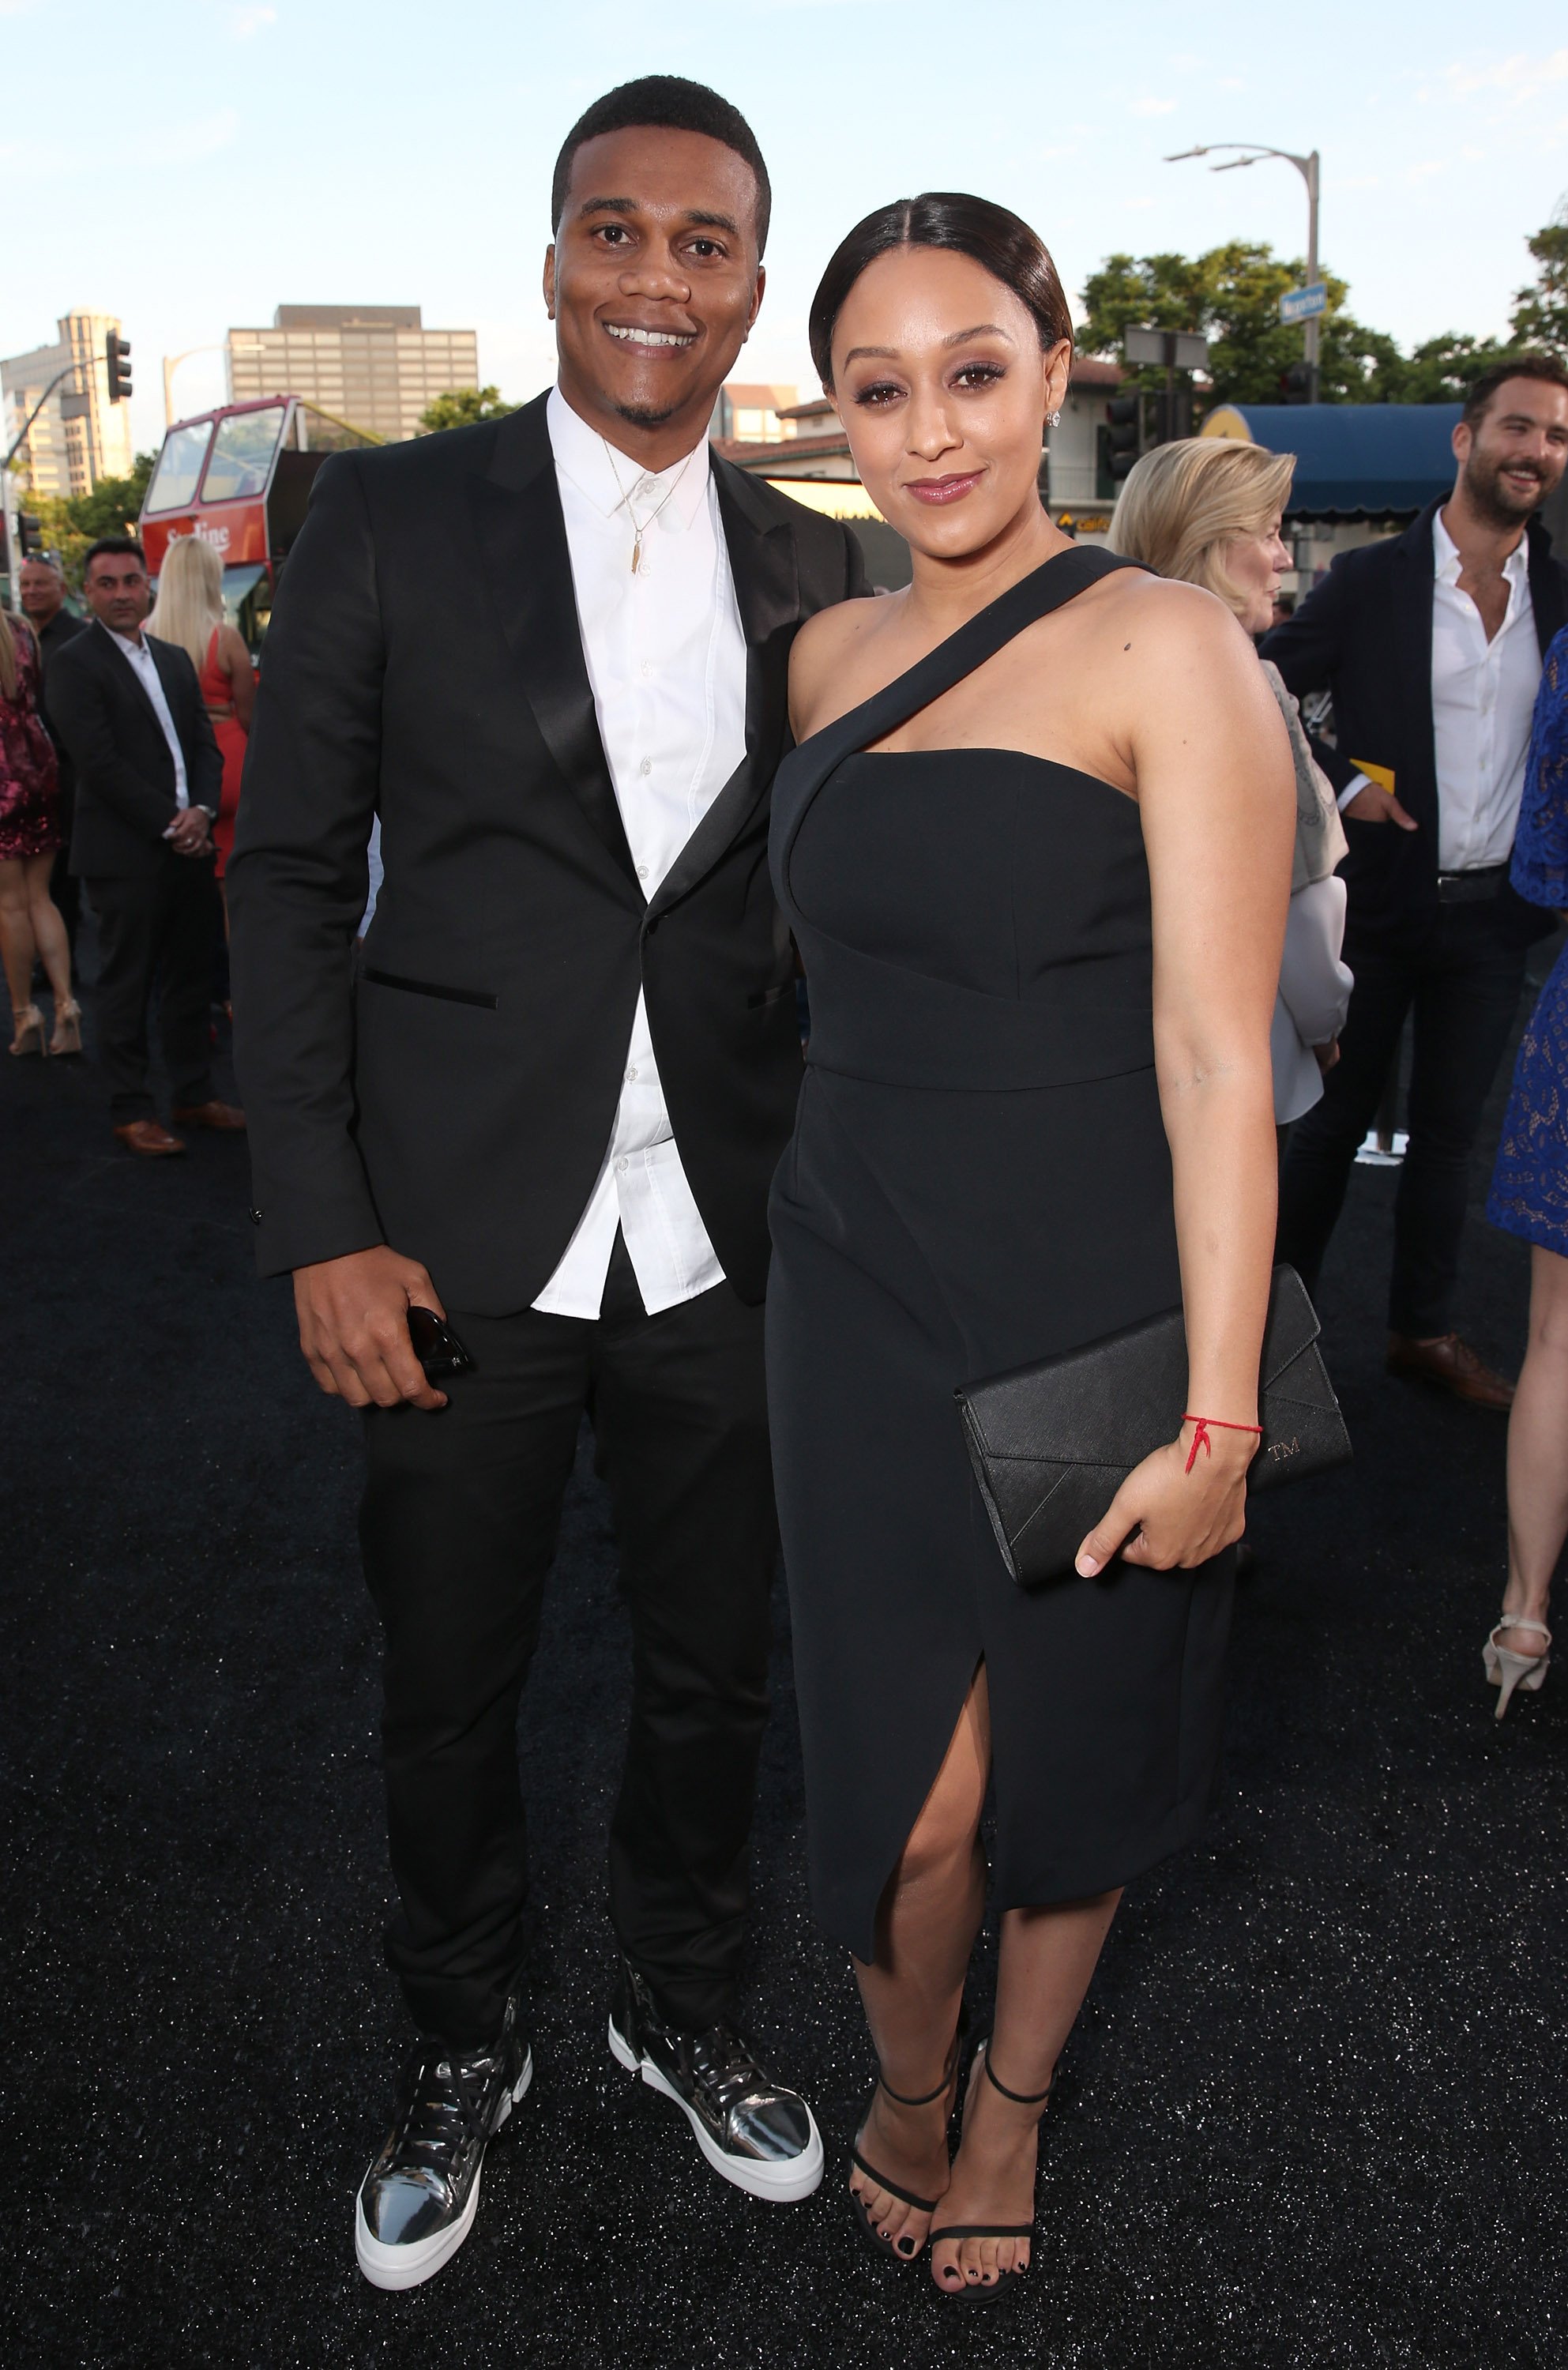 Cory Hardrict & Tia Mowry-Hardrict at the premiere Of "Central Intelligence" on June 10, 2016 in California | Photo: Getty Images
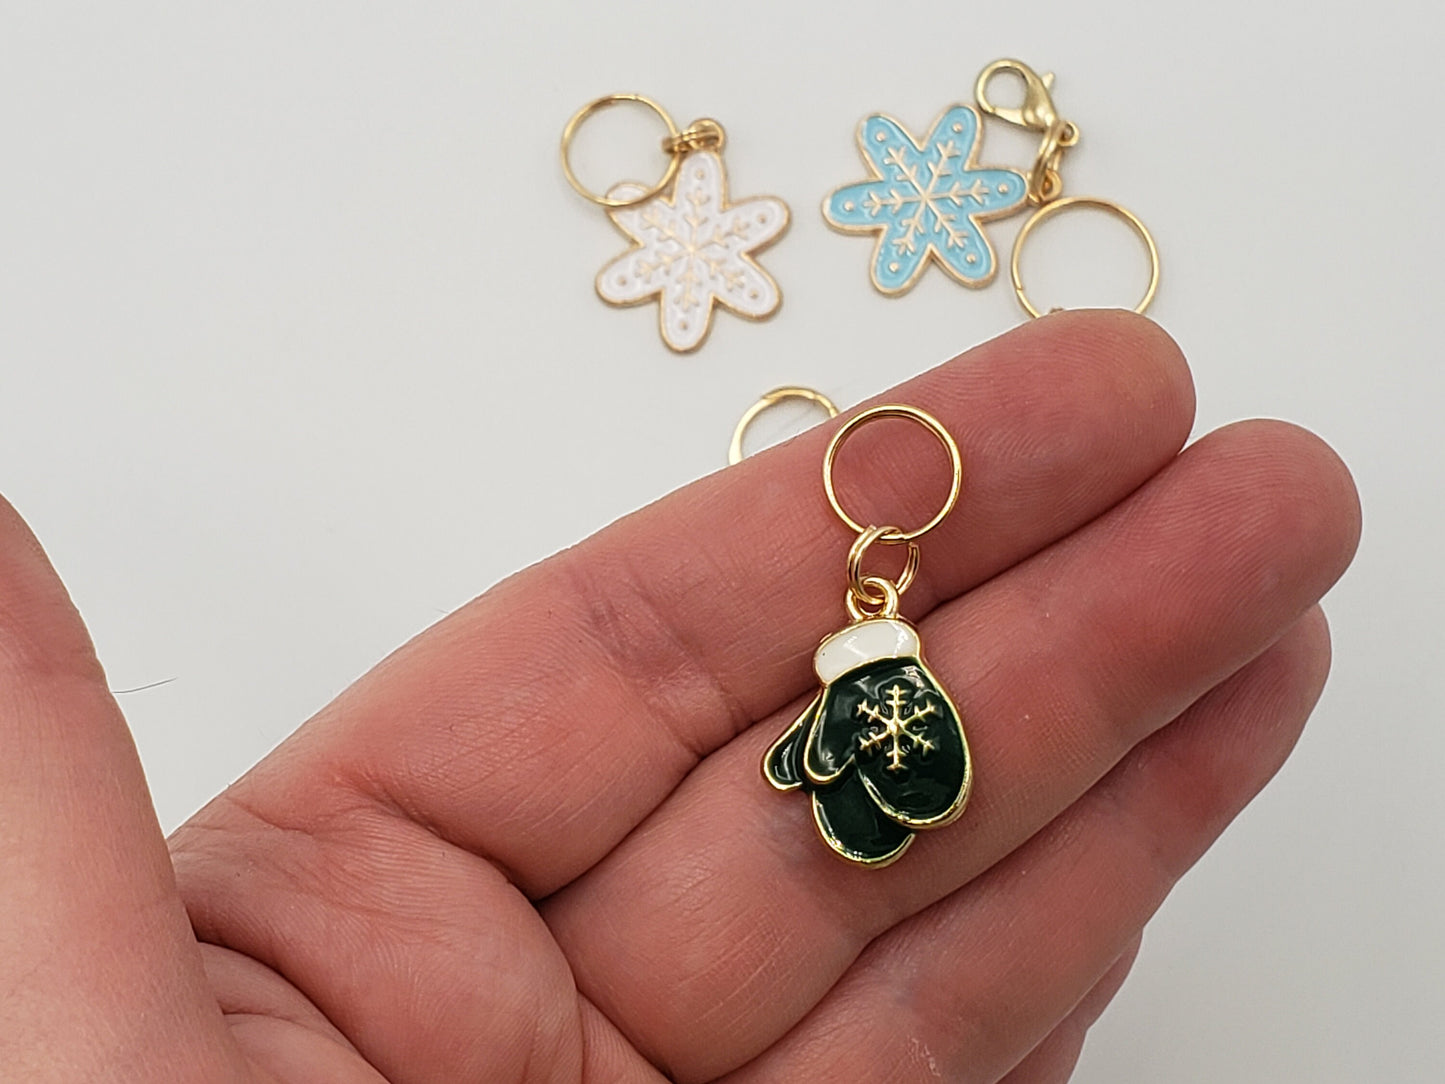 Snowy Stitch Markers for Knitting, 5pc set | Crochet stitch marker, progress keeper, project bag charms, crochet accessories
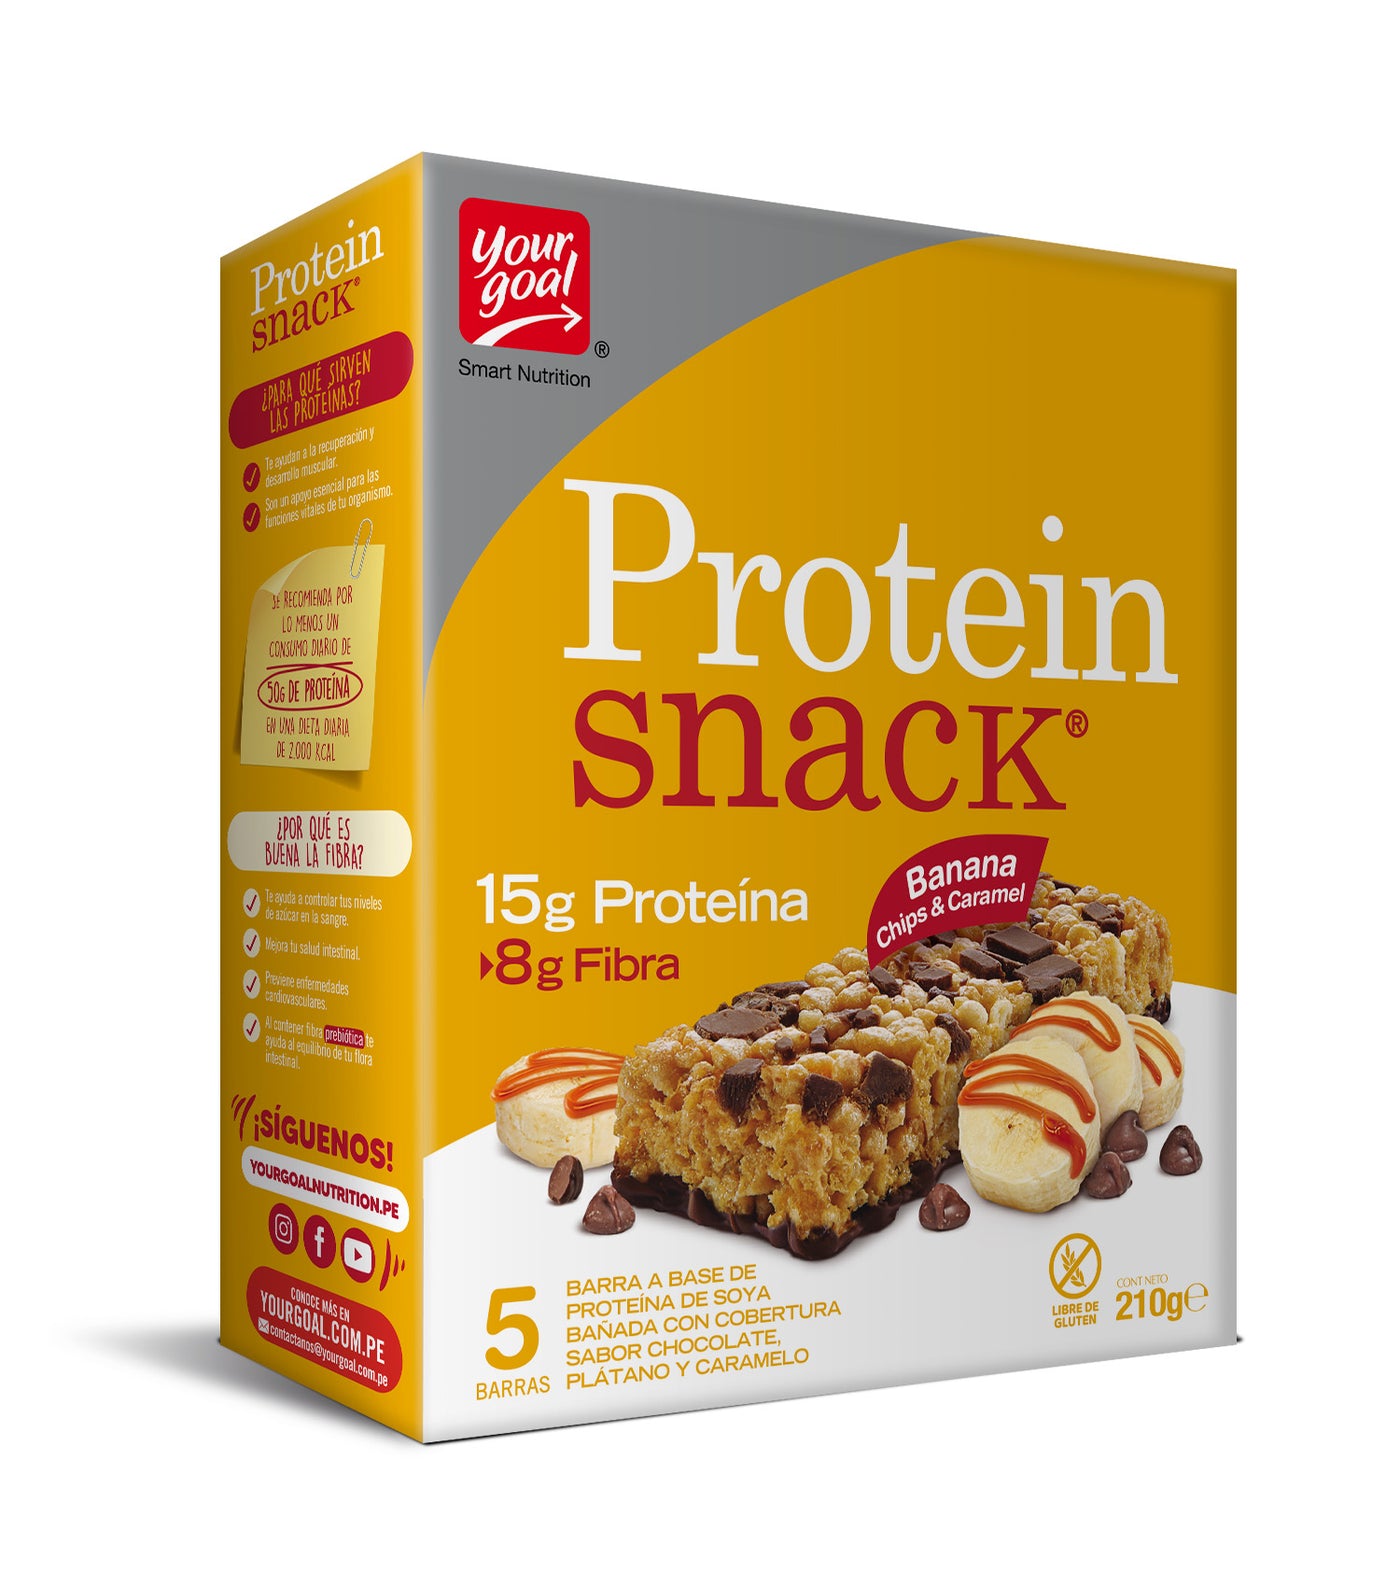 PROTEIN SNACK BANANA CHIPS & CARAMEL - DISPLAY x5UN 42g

» EXERCISE INSTRUCTIONS
Print the listing exactly, but skip its pictures.

» THE COMPLETED TASK
 Cory Hardrict & Tia Mowry-Hardrict at the premiere Of "Central Intelligence" on June 10, 2016 in California | Photo: Getty Images
 Snowy Stitch Markers for Knitting, 5pc set | Crochet stitch marker, progress keeper, project bag charms, crochet accessories
 PROTEIN SNACK BANANA CHIPS & CARAMEL - DISPLAY x5UN 42g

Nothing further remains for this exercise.